Starting with the line that contains "Module3 Sports.jpg" and stopping after the line that contains "陸上自衛隊×グリーンベレー「厳戒の降下訓練」に密着の画像", return each line below exactly as written, with no others.
** Recorded information follows **
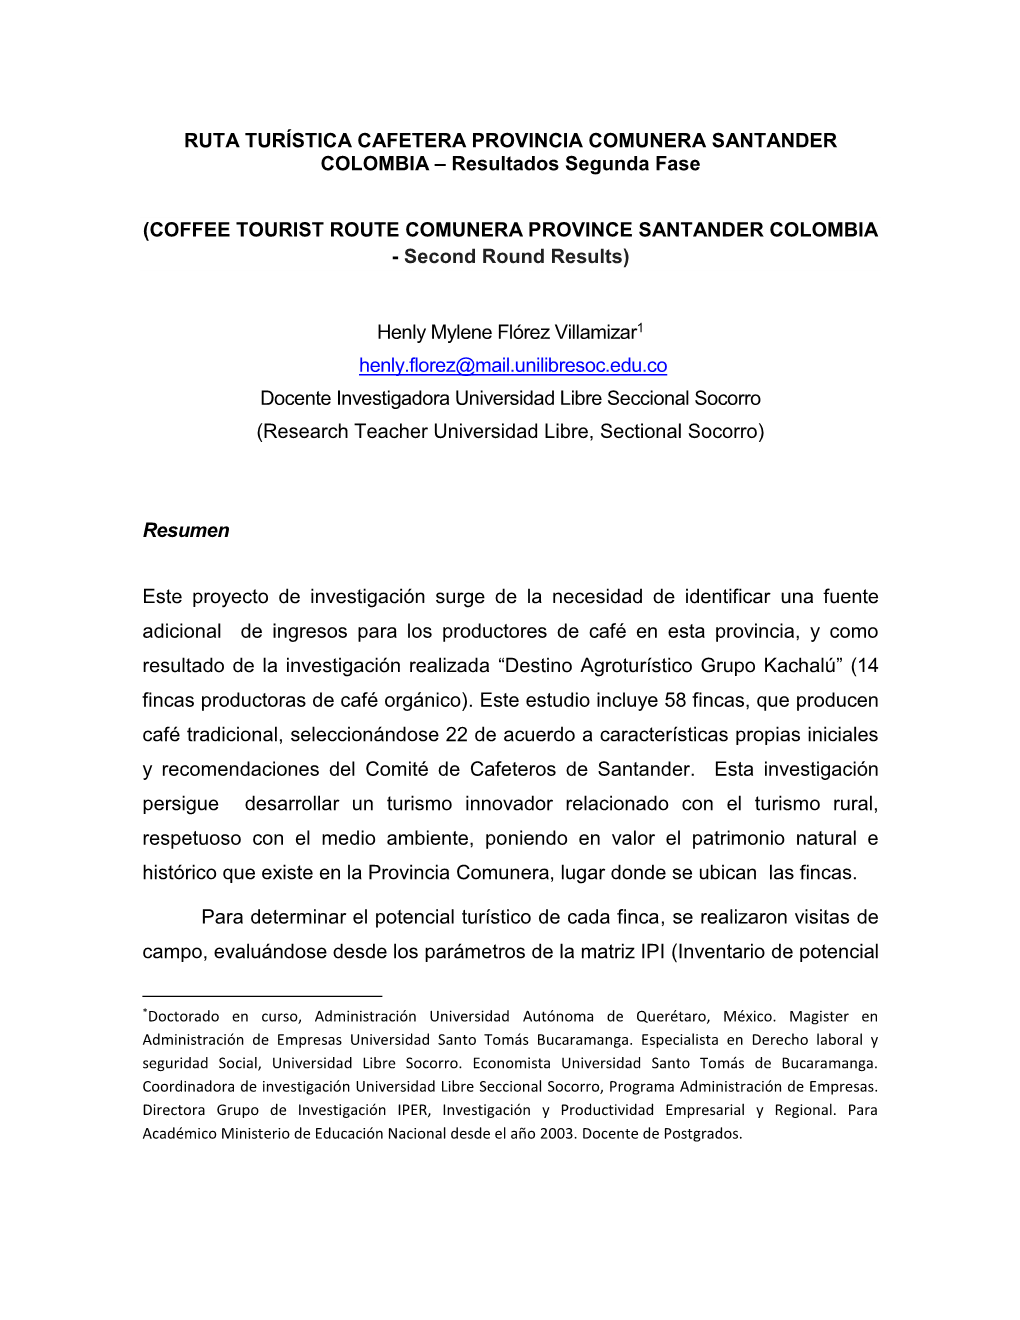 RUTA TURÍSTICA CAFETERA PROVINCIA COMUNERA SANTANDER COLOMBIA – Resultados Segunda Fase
** End of Recorded information **
** Recorded information follows **
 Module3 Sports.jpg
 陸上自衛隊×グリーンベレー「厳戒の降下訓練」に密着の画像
** End of Recorded information **
Exercise answer:
 Module3 Sports.jpg
 陸上自衛隊×グリーンベレー「厳戒の降下訓練」に密着の画像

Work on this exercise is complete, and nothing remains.